=== What the exercise asks ===
Print only the lines from the one with "Dave Brubeck capitalized" through the end of the data, exactly, and please omit pictures.

=== Raw data ===

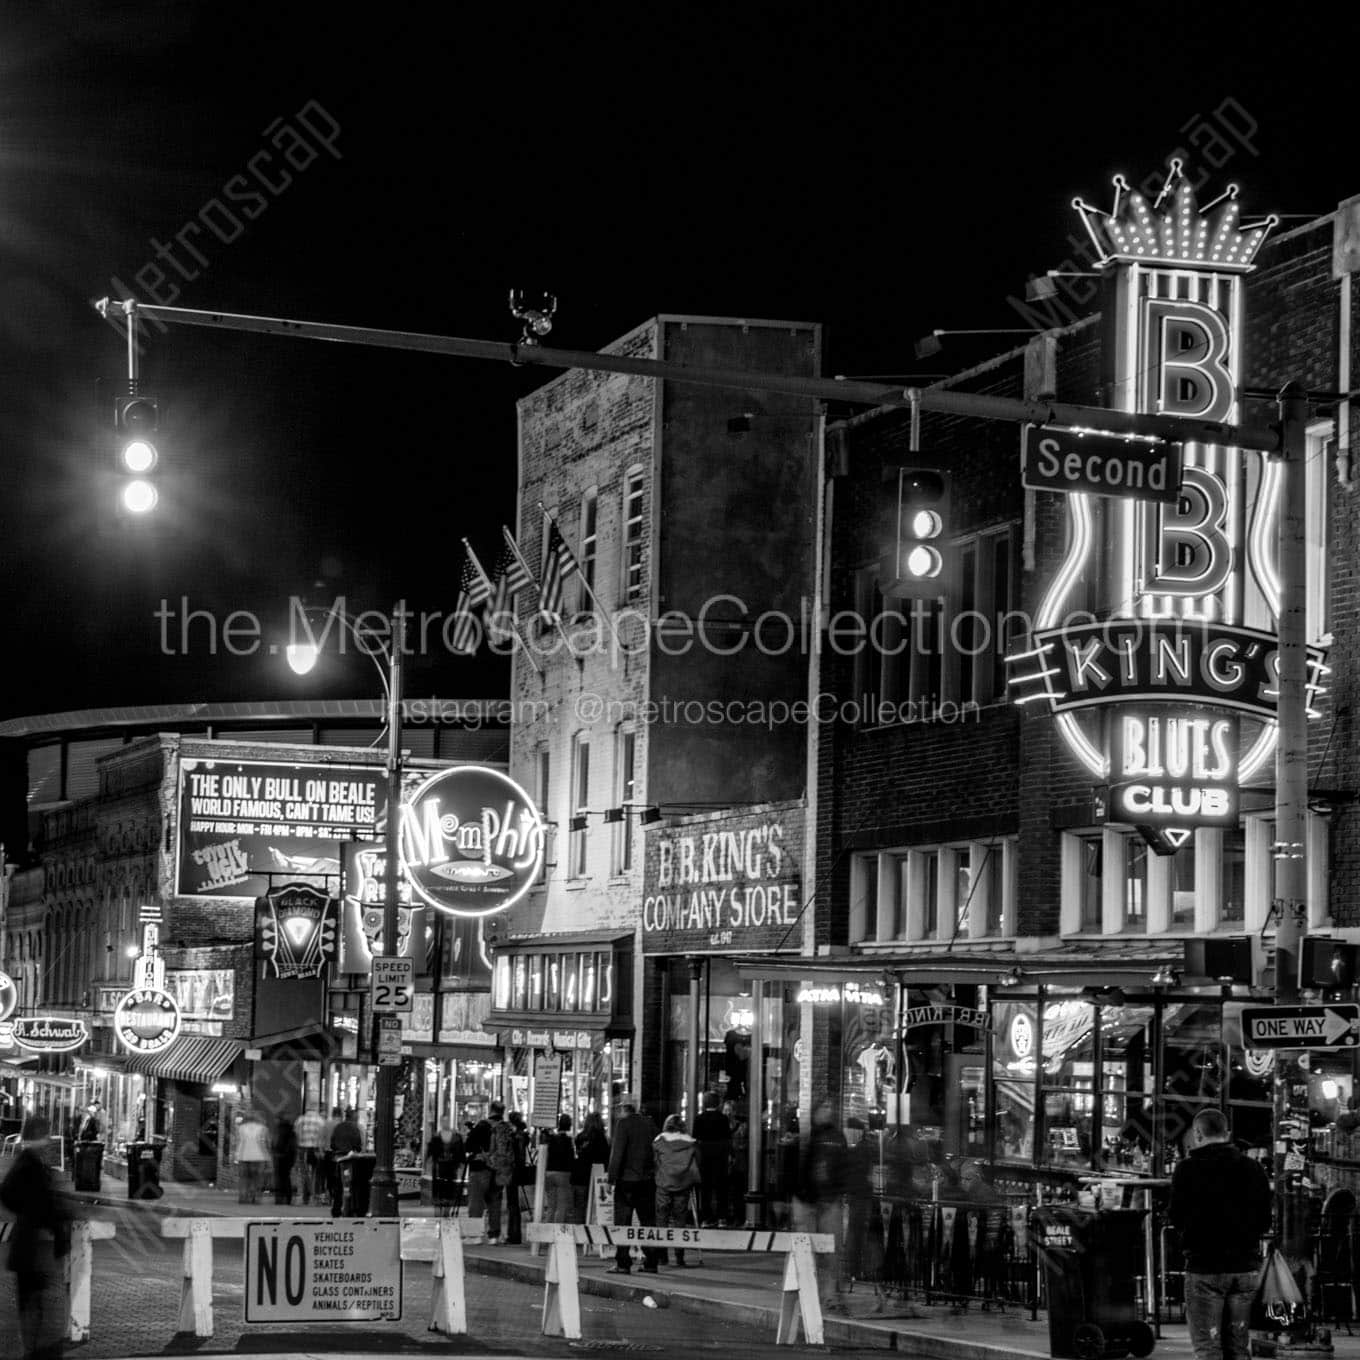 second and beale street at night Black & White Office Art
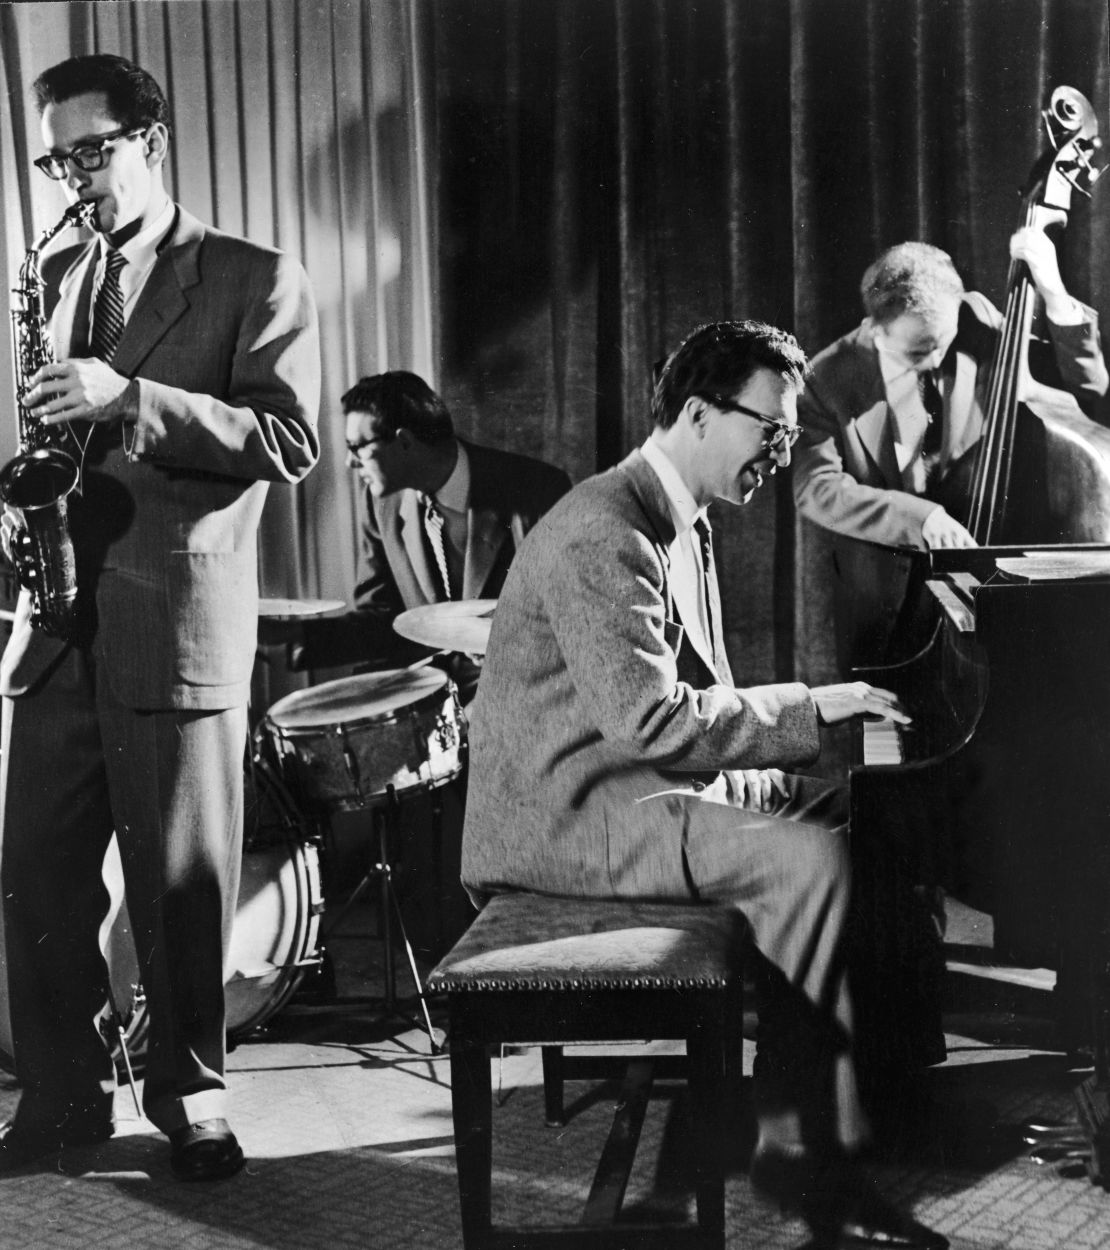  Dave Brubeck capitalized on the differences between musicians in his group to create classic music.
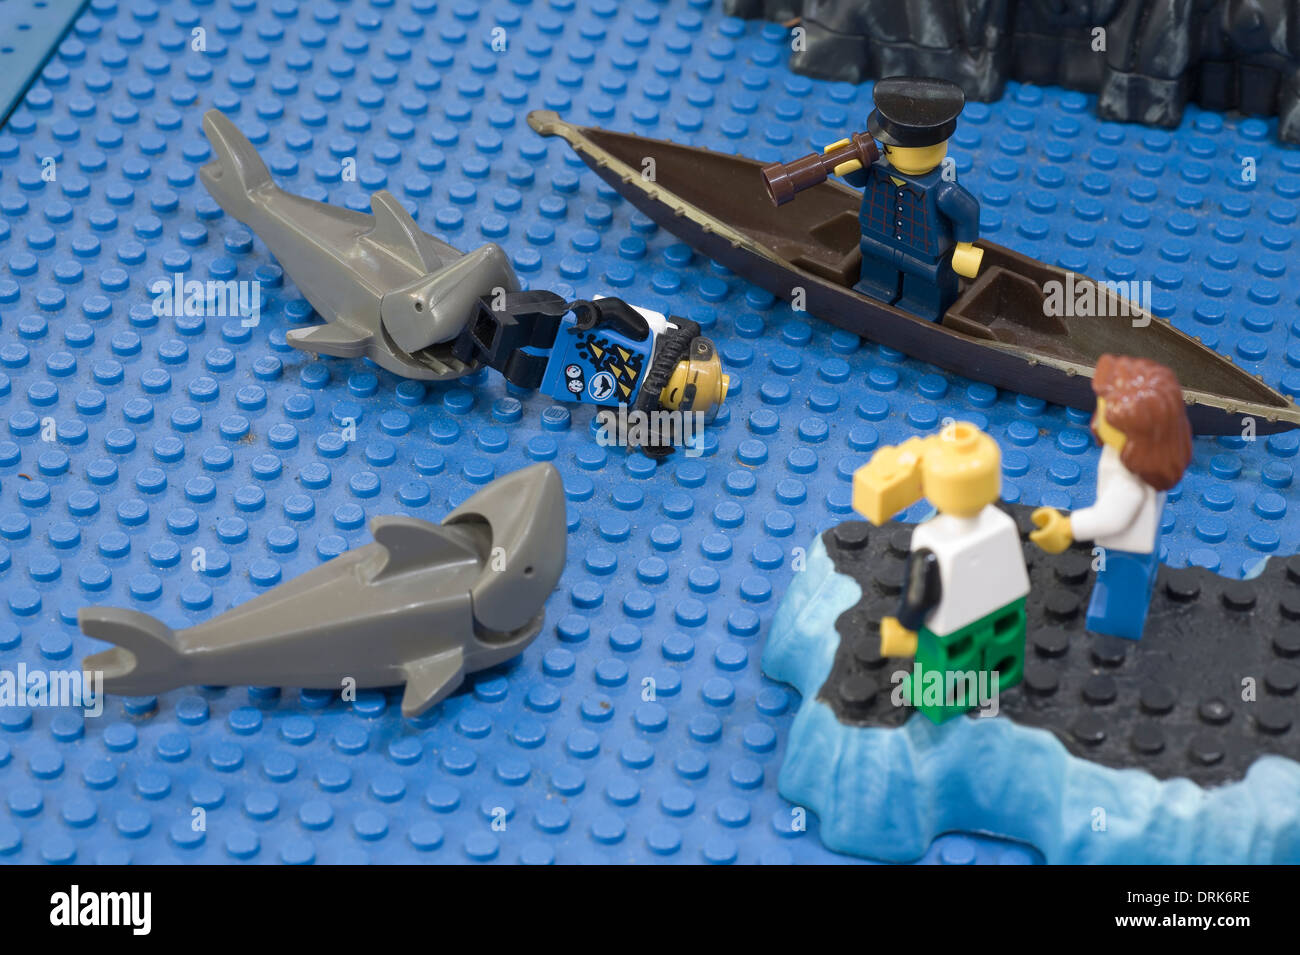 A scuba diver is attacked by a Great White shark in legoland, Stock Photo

=== Written solution ===
  Dave Brubeck capitalized on the differences between musicians in his group to create classic music.
 A scuba diver is attacked by a Great White shark in legoland, Stock Photo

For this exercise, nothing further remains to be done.